His heart skipped a beat. Someone was following! Who could it be? Was it a curious Carib? Hardly. They were too much afraid of the killer. Was it an enemy from across the river? Such a thing was possible.
Stepping noiselessly to one side, Pant waited. Straight on came the one who followed.
“Sounds like two,” Pant said to himself.
“Sounds——” he hesitated a moment. “It don’t sound like—it sounds—yes, it is! It’s old Rip himself!”
And so it was. Rip, the burro, once a bag of bones, now well fed on bread-nut hay, sleek and fat, had chosen to follow his young master on his hunt for a killer.
“Now, why did you follow?” Pant said with a chuckle. “What am I to do with you? If I tie you up here the killer may get you. I can’t spare time to take you back. I know what I’ll do; I’ll take you along. We’ll fight it out together with the big cat.”
For this resolve Pant will always have cause to be grateful; and yet, in a way, the affair was to end rather sadly.
With the burro standing patiently beside him, he had remained in hiding for a full half hour when, without warning, there had appeared in the trail not five yards before him the very creature he had come to seek. There stood the killer!

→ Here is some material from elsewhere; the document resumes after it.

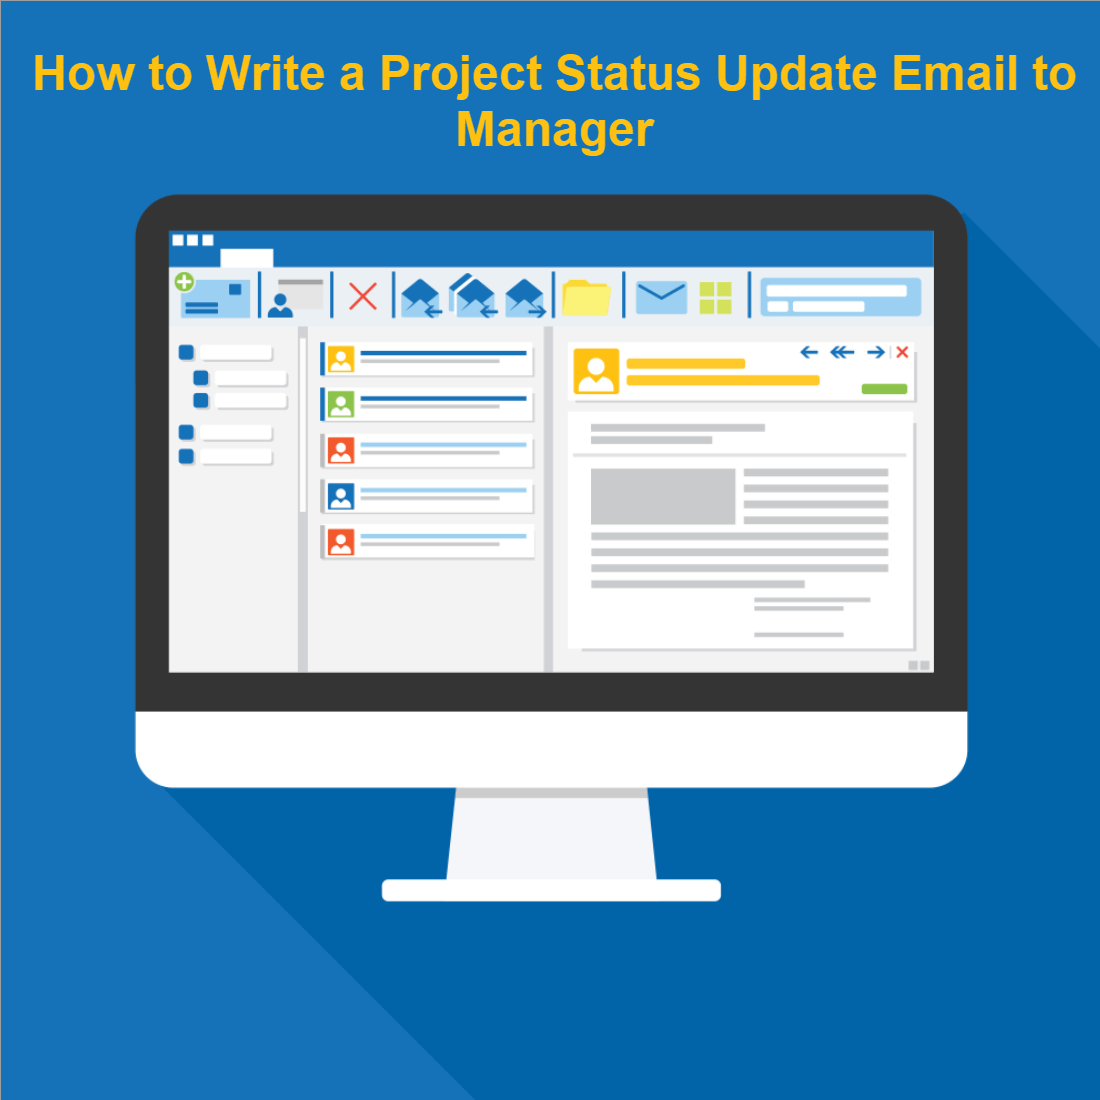 How to Write Email to Manager Regarding Updates

So sudden was his appearance that Pant had little time to prepare for the attack. He had only seized his rifle and had no time to aim and fire, when, with a scream that was blood-curdling, the big cat launched himself through the air.
Expecting nothing so much as to be torn to bits by the claws and fangs of the beast, the boy dropped his rifle and threw himself back into the bushes. As he did this, unconsciously his right hand reached for his machete and drew it from its scabbard.
Surprise followed. The death dealing compact of the flying cat did not come. For an instant Pant’s senses reeled. Then, like a flash, it came to him. The tiger had launched himself against the burro. Feeling the machete in his grasp, without reasoning as to the outcome, Pant sprang to battle.
It was well that he did. A strange thing had occurred. As the tiger sprang, the burro had reared upon his hind feet. In this way he had struck the great cat squarely in the head with his sharp hoofs. The blow had been a stunning one and as Pant entered the battle he found the jaguar just returning to consciousness. This task he never quite completed, for Pant’s machete, coming down with savage force, all but severed his head from his body.
“That settles you,” he muttered. “I’ve kept my promise.”
Then, overcome by nervous exhaustion, he settled down upon the damp earth.
As strength slowly returned he thought of his companion, the burro.
Creeping over to where he lay, he put a hand upon him. Then he lifted the animal’s head, to allow it to drop limply back.